Description zahra 2016-03-06 04:20:42 UTC
Created attachment 123331 [details]
the xml file which contains some sayings of prophet mohammad and his progeny peace be upon them which is persian translation.

hi every one. 
i have a valuable document which contains persian translations of some sayings and narrations of prophet mohammad and his progeny peace be upon them. 
the file is in xml format. 
when i try to open it with libreoffice, the persian parts of my documents are completely unreadible and are not displayed in persian characters! 
no matter if i open libreoffice writer, in the file menu i select open, press control+o to activate the open menu. 
or when the file is selected, right click on it and in the open with submenu, select libreoffice writer. 
libreoffice does not recognize the encoding and even does not ask to which encoding should it use to open this file properly! 
as a result, the persian parts of my document, is completely unreadible! 
i tested this in open office. 
when i selected file, right click on it and in the open with submenu choosed open office writer, open office asked me about encoding, font and language and finally could open my file properly! 
steps to reproduce: 
1/ right click in the document which i attached. 
2/ from open with which is submenu, select libreoffice writer and open the document. 
3/ do the same for open office and compare the result. 
current behaviour: libreoffice does not recognize the encoding of persian parts, cant show it properly and even does not ask for choosing encoding. 
expected behaviour: libreoffice recognizes the persian encoding, or at least ask me about what encoding should it use. 
in open office: if i select open in the file menu or press control+o and open this file i get the error: 
general input output error. 
when i right click on my file, (by the way, i use the application key and select open with which is submenu)
and select open office writer for openning my file, open office asks about encoding, font and language, and finally shows the file properly.
i tested many versions of libreoffice and the result was the same. 
this bug is critical for me. 
thanks and i request devine mercy and blessings for you.
Comment 1 Robinson Tryon (qubit) 2016-03-06 06:27:05 UTC
TESTING with Ubuntu 14.04 64bit +
LO 5.2.0.0.alpha0+ (2016-02-24_23:58:47)

(In reply to zahra from comment #0)
> Document: attachment 123331 [details]
> ...
> when i try to open it with libreoffice, the persian parts of my documents
> are completely unreadible and are not displayed in persian characters!
> ...
> steps to reproduce: 
> 1/ right click in the document which i attached. 
> 2/ from open with which is submenu, select libreoffice writer and open the
> document. 

I'll use the alternate steps ("in the file menu i select open, press control+o to activate the open menu.")

> ...
> current behaviour: libreoffice does not recognize the encoding of persian
> parts, cant show it properly and even does not ask for choosing encoding. 
> expected behaviour: libreoffice recognizes the persian encoding, or at least
> ask me about what encoding should it use. 
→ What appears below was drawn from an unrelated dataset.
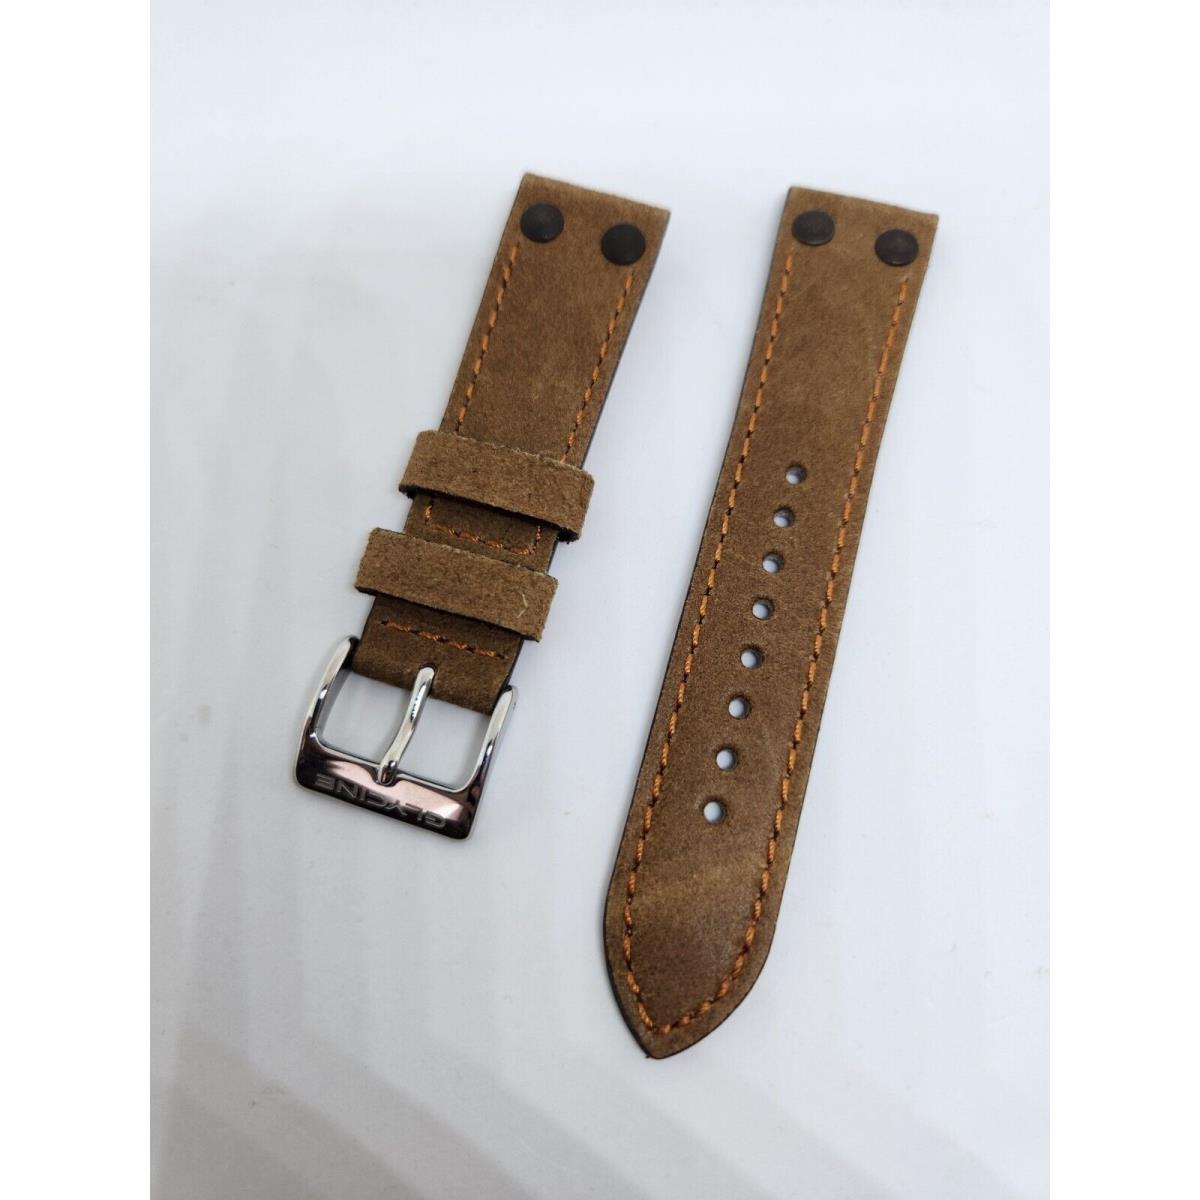 Oem Glycine F104 22mm Brown Leather Strap Band Bracelet For Model GL0125 Etc
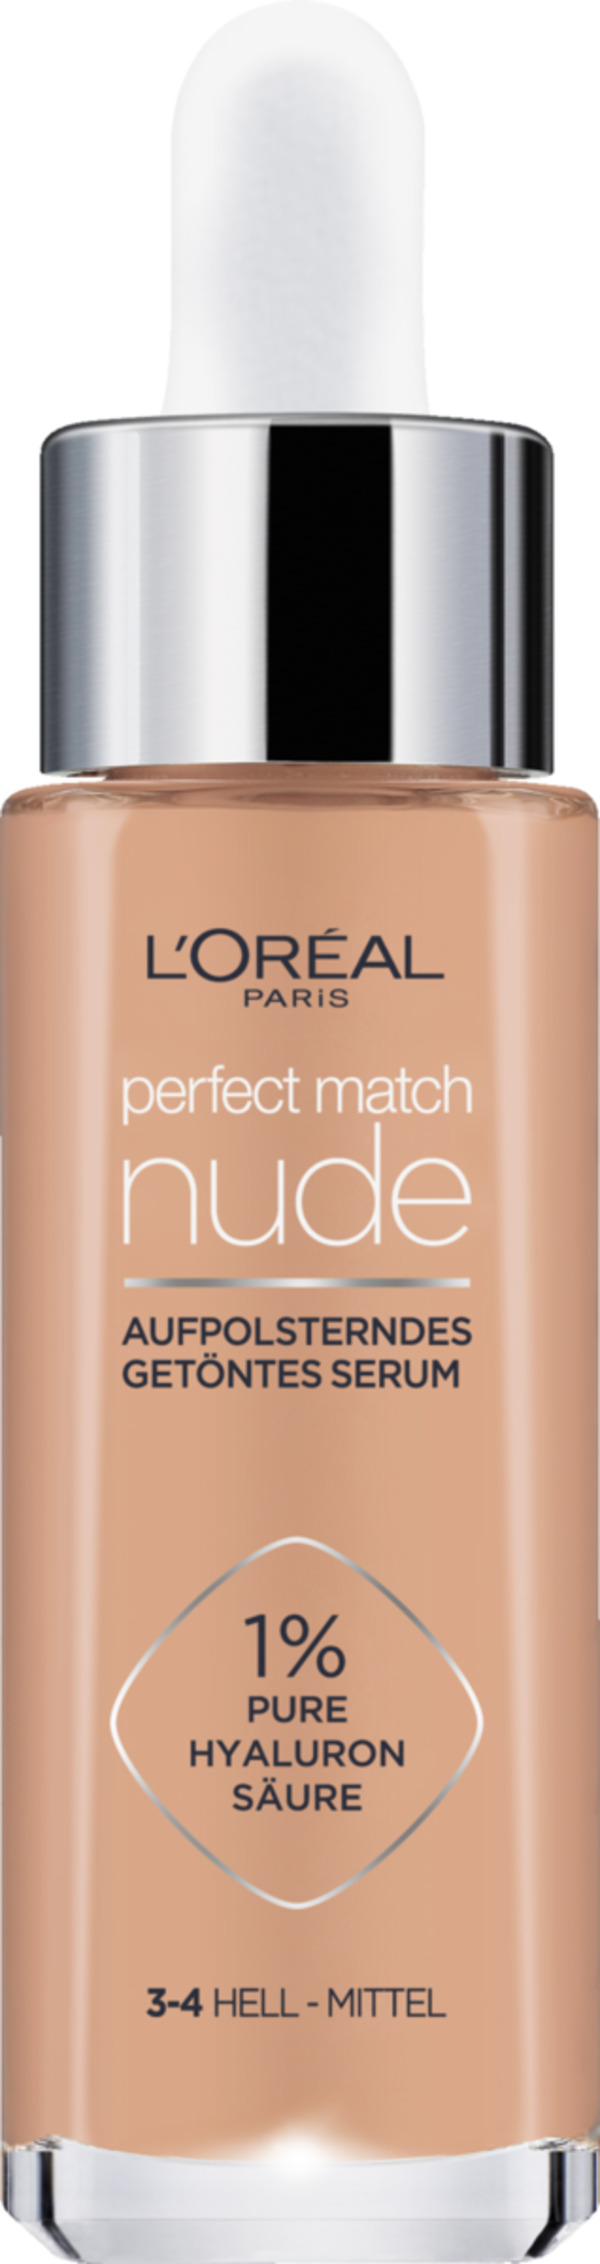 Bild 1 von L’Oréal Paris Perfect Match Aufpolsterndes Getöntes Serum 3-4 hell - mittel

I'm not sure which sections of the document are Persian/supposed to render as Persian.

zahra: Please attach a couple of screenshots showing 
1) How you expect the document to render (or at least the text)
2) How LibreOffice is rendering the document

Please feel free to crop the screenshots, add some (thin) red circles around important parts, etc. Anything that helps us to focus-in on the specific problem makes triage go much more quickly!

Bonus: If you can demonstrate the problem with a 1- or 2-page document, that really helps. Simple, simple examples are our favorite!

Status -> NEEDINFO
Comment 2 zahra 2016-03-06 07:20:19 UTC
hi. 
as i mentioned libreoffice does not recognize the encoding and even does not ask me which encoding should it use for openning this xml file! 
by the way, forgive me to forgot to mention that the encoding of this document is UTF8
compare it with open office as i mentioned. 
open wich is submenu and select the open office writer in the submenu. 
then select the encoding utf_8 and open it. 
you can observe the result and the difference. 
thanks for your attention.
Comment 3 zahra 2016-03-06 07:22:04 UTC Comment hidden (obsolete)
Comment 4 Pedro 2016-03-06 10:49:46 UTC
(In reply to Robinson Tryon (qubit) from comment #1)

> I'm not sure which sections of the document are Persian/supposed to render
> as Persian.

Everything between two open and close tags e.g. 

<Hadis>?? ???? ?????? ???? ?? ?????? ?? ???? ????? ????? ? ??? ?????? ?? ??????? ? ?? ?? ??? ??????.</Hadis>

You can open the xml file with any browser to check (tested with IE11 and Firefox ESR 38.6.1 under Win 10 x64)

> zahra: Please attach a couple of screenshots showing 
> 1) How you expect the document to render (or at least the text)
> 2) How LibreOffice is rendering the document

Zahra is blind so she can not work with images. The attached file is a good example.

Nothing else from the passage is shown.